Stammering or stuttering is a disorder of fluency in speech where the person requires unusual amount of muscular effort to speak. It is a speech coordination problem that is related to faulty breathing and speaking patterns. Speech needs a very specific sequence of coordinated movements of breathing and speech muscles. Any interruption in the sequence can lead to stammering. It can be compared with a hose pipe, if you constrict the pipe anywhere along its length, water flow is not smooth.
Stammering is not just repetitions of syllables as in ‘b-b-banana’ it’s also when a person uses extra sounds like ‘uh’ or ‘um’ to get a word started. The pauses in speech could last from a few seconds to even a minute.
This condition is often associated with other typical behaviours such as poor eye contact, abnormal head and hand movements, shifting the jaw to one side or flaring the nose while speaking. The person facing this concern may also have low self esteem and may avoid usage of certain words or speaking situations. Stammering generally starts in early childhood around 2 – 5 years of age, when a child is in the process of speech development and can continue in adulthood if not treated completely.

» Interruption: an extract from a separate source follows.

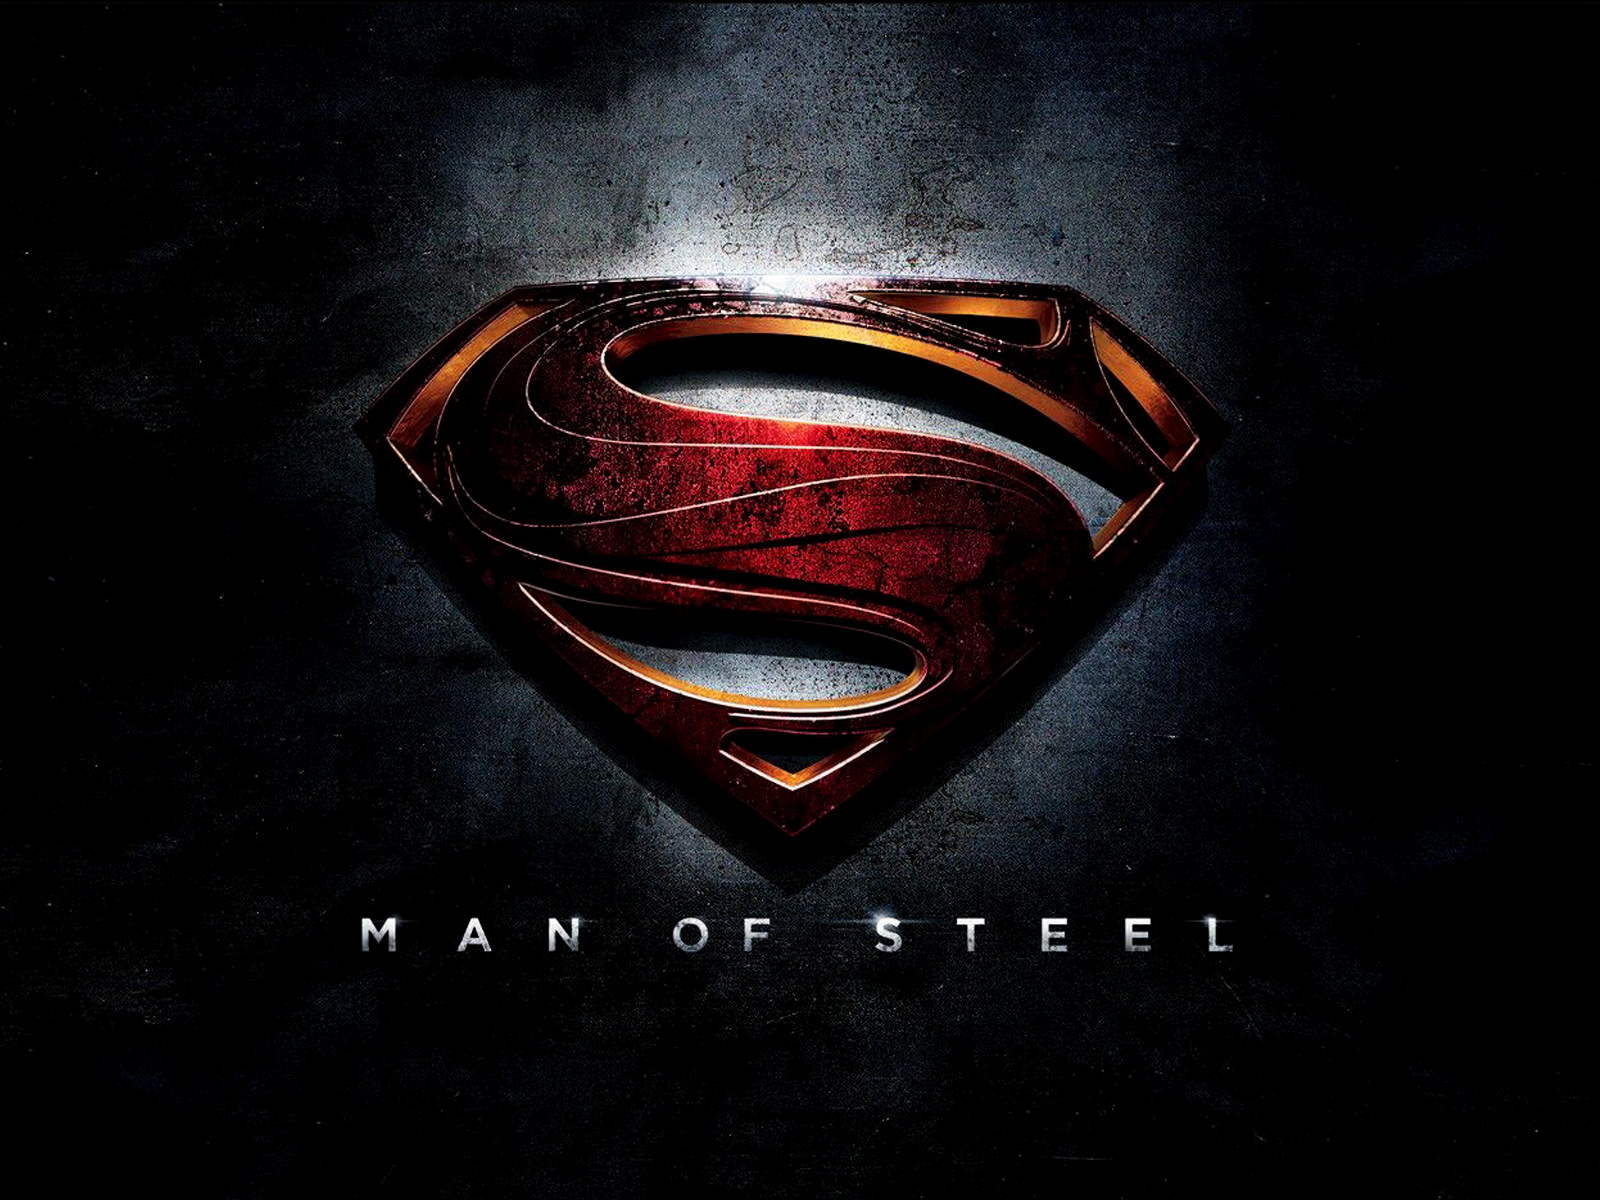 of Steel Superman 2013 HD Wallpapers Download Wallpapers in HD 1600x1200

Onset of stammering in adults is less common and there is no definite cause for why it happens.
Why it happens
The most common form of stammering in adults is due any injury to the brain from trauma or stroke. The other reason is due to some emotional or stressful events. The person may start stammering due to the shock of the event and may even recover on her own after the shock wears out. Some people who have had stammering in childhood and then got cured may experience a relapse of symptoms in adulthood.
The relation between stress and stammering is a vicious circle. You develop stammering due to anxiety and because of the diagnosis you get further anxious and your problem worsens.